Why can't some types (with array notation) be used as return type in C without typedef?

Question

While messing around with the type syntax, I noticed this is legal :

typedef int *((* T)[10]);

T fun(){
  return 0;
};

int main(int argc, char * argv[]){
  //int c = fun(); // (1)
  return 0;
}

...And if you uncomment (1), then you get an error message of this kind (GCC / Clang) : "error: cannot initialize a variable of type 'int' with an rvalue of type 'T' (aka 'int *((*)[10])')" (Normal so far).
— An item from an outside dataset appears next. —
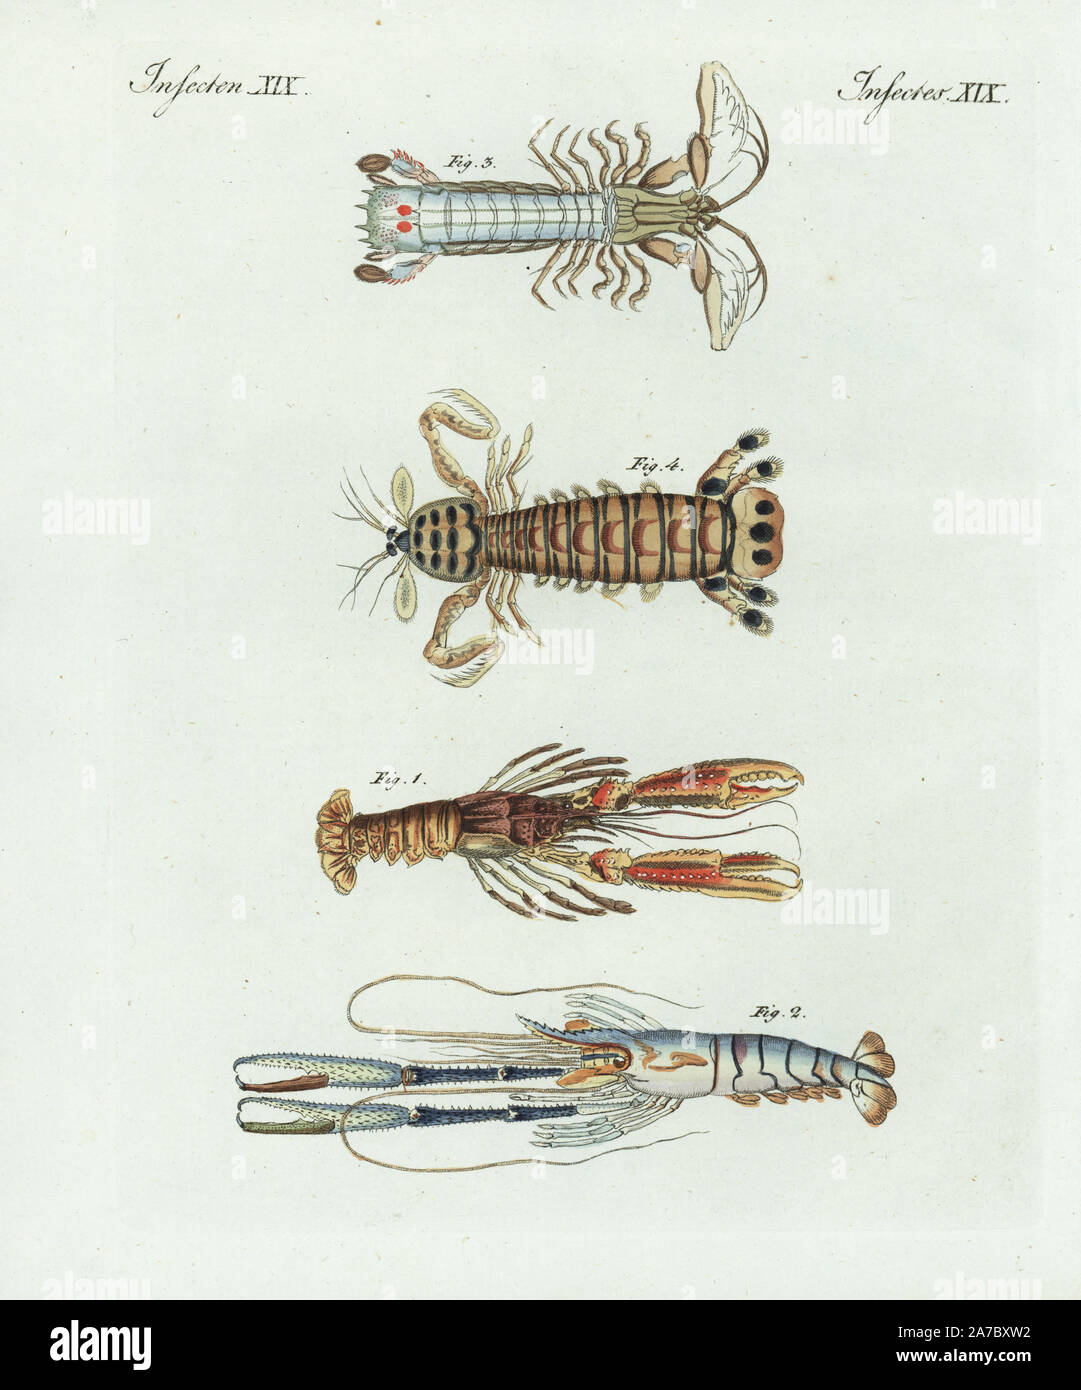 Scampi, Nephrops norvegicus 1, shrimp, Macrobrachium carcinus 2, crayfish species 3, and mantis shrimp, Squilla mantis 4. Handcoloured copperplate engraving from Bertuch's 'Bilderbuch fur Kinder' (Picture Book for Children), Weimar, 1798. Friedrich Johann Bertuch (1747-1822) was a German publisher and man of arts most famous for his 12-volume encyclopedia for children illustrated with 1,200 engraved plates on natural history, science, costume, mythology, etc., published from 1790-1830. Stock Photo

Notice however the "aka" that points out the type is an alias of int *((*)[10]) and not simply int ***

However, It seems impossible to declare a function with this type without using a typedef :

int *((*)[10]) fun(){ // The compiler does not approve
  return 0;
};

int *((* fun2)[10]) (){ // The compiler does not approve either
  return 0;
};

int main(int argc, char * argv[]){
  //int c = fun(); // (1)
  return 0;
}

...Then I was wondering why ? (the question is for the C language, but it looks like it's the same for C++)

Answer 1

The original

typedef int *((* T)[10])

can shed the outer parens:

typedef int *(* T)[10]

Or aligned with dbush's function:

typedef int *(*   T   )[10]
        int *(* fun() )[10]

Answer 2

This type:

typedef int *((* T)[10]);

Is a pointer to an array of size 10 whose members are of type int *. This is not the same as an int ***.

As for creating a function that returns this type, you would need this:

int *(*fun())[10] {
  return 0;
};

But using a typedef makes this much clearer.

Answer 3

int *((*fun())[10]) {
  return 0;
};

... Yup. You should probably stick to the typedef for the sake of readability :)